Subject to the provisions of the Act, any question at a meeting of the members of the Corporation or of the board shall be decided by a show of hands unless a poll thereon is required or demanded as hereinafter provided. Upon a show of hands every person who is present and entitled to vote shall have one vote. Whenever a vote by show of hands shall have been taken upon a question, unless a poll therein is so required or demanded, a declaration by the chairman of the meeting that the vote on the question has been carried or carried by a particular majority or not carried and an entry to that effect in the minutes of the meeting shall be prima facie evidence of the fact without proof of the number or proportion of the votes recorded in favour of or against any resolution or other proceeding in respect of the said question.

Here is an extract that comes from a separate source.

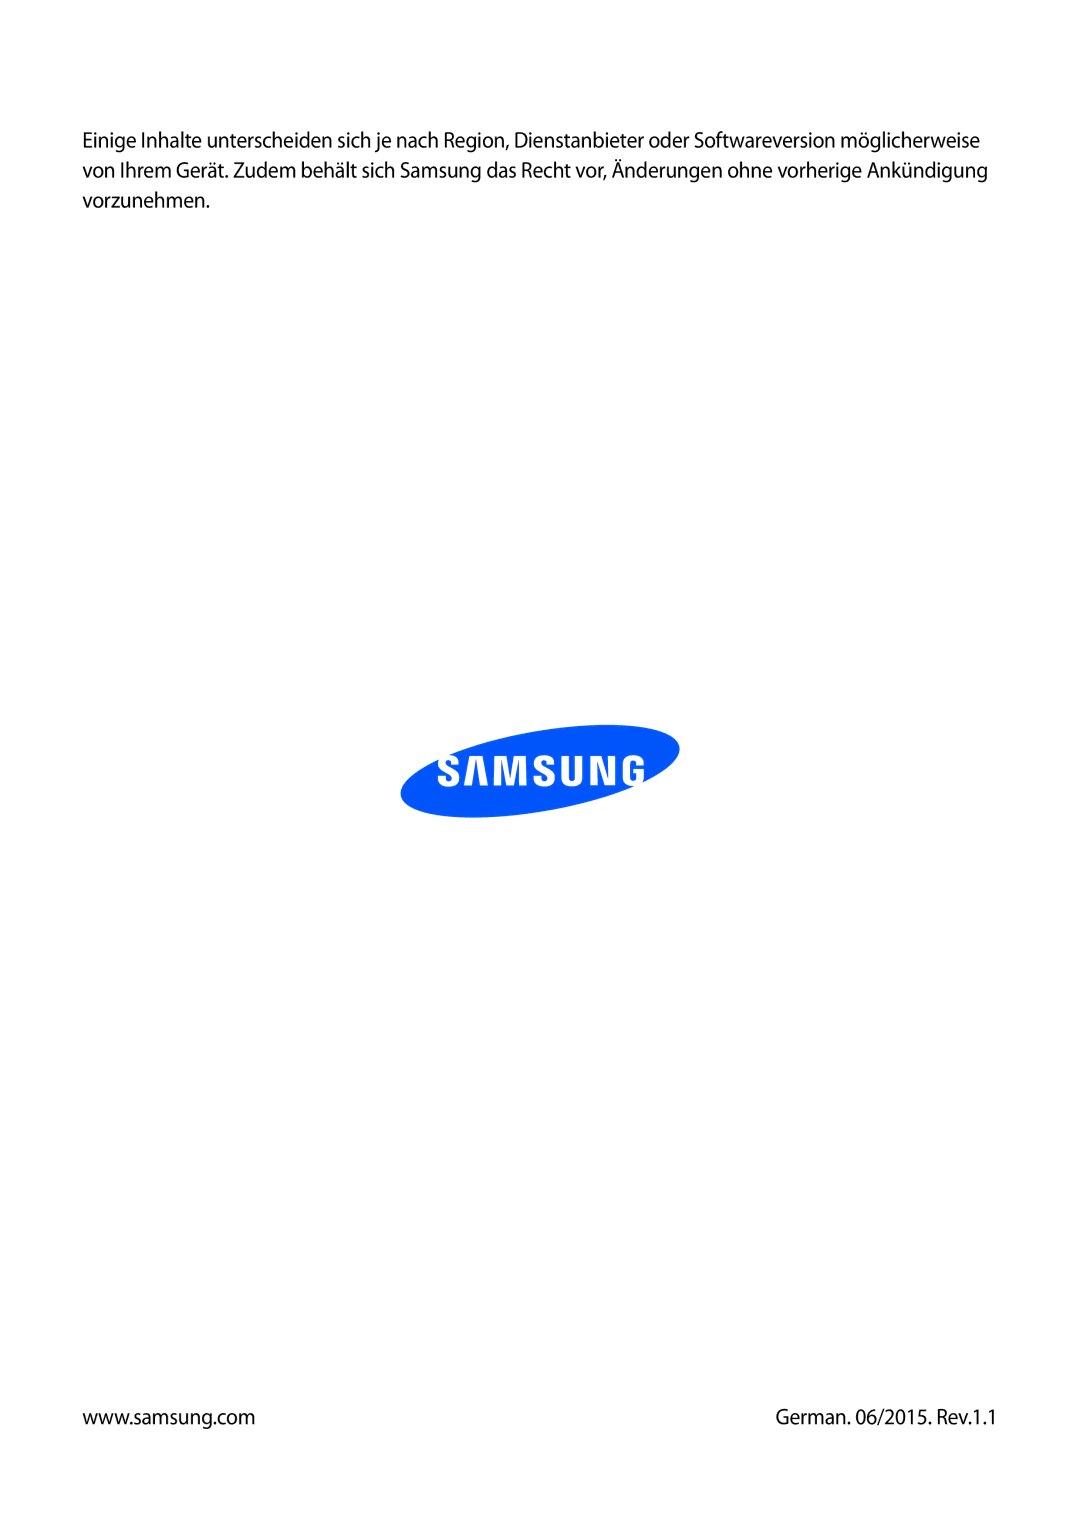 Samsung SM-T320XZWADBT, SM-T320NZKAATO, SM-T320NZKATUR, SM-T320NZWATUR, SM-T320NZKATPH, SM-T320NZWATPH German /2015. Rev.1.1

7.08 On any question proposed for consideration at a meeting of the members of the Corporation or of the board, and whether or not a show of hands has been taken, the chairman may require, or any person entitled to vote on the question may demand, a poll thereon. A poll so required or demanded shall be taken in such manner as the chairman shall direct. A requirement or demand for a poll may be withdrawn at any time prior to the taking of the poll. Upon a poll, each member of the Corporation present shall be entitled to one vote.

7.09 The chairman of a meeting of the members of the Corporation or of the board may, with the consent of the meeting and subject to such conditions as the meeting decide, adjourn the meeting from time to time.

7.10 Action in Writing by the Corporation

In lieu of confirmation or passage respectively at a general meeting of the Corporation duly called, constituted and held for the purpose of considering same, (a) any by-law or resolution passed by the board may be confirmed or (b) any resolution may be consented to, in accordance with the Act, by the signature of all of the members of the Corporation. Any resolution may be consented to by the signatures of all of the members of the Corporation who would be entitled to vote at a meeting duly called, constituted and held for the purpose of considering such resolution.

 

SECTION EIGHT

NOTICES

8.01 Any notice (which term includes any communication or document) to be given, sent, delivered or served pursuant to the Act, the articles, the by-laws or otherwise to the Corporation, the directors, the officers or the auditors shall be sufficiently given if it is delivered personally to the person to whom it is to be given or if delivered to his recorded address or if mailed to him at his recorded address by prepaid air or ordinary mail or if sent to him at his recorded address by any means of prepaid transmitted or recorded communication. A notice so delivered shall be deemed to have been given when it is delivered personally or at the recorded address as aforesaid; a notice so mailed shall be deemed to have been given when deposited in a post office or public letter box; and a notice sent by any means of transmitted or recorded communication shall be deemed to have been given when dispatched or delivered to the appropriate communication company or agency or representative for dispatch. The secretary may change or cause to be changed the recorded address of any director, any officer or the auditor in accordance with any information believed by him to be reliable.

8.02 Computation of time in computing the date when notice must be given under any provision requiring a specified number of days' notice of any meeting or other event, the date of giving the notice shall be excluded and the date of the meeting or other event shall be included.

8.03 The accidental omission to give any notice to any member of the Corporation director, officer, auditor or the committee of the board, the non-receipt of any notice by any such person or any error in any notice not affecting the substance thereof shall not invalidate any action taken at any meeting held pursuant to such notice or otherwise founded thereon.

 

SECTION NINE

EFFECTIVE DATE

9.01 Effective Date

This by-law shall come into force when passed by the Board.

 

PASSED by the Board this 12th day of December, 1976.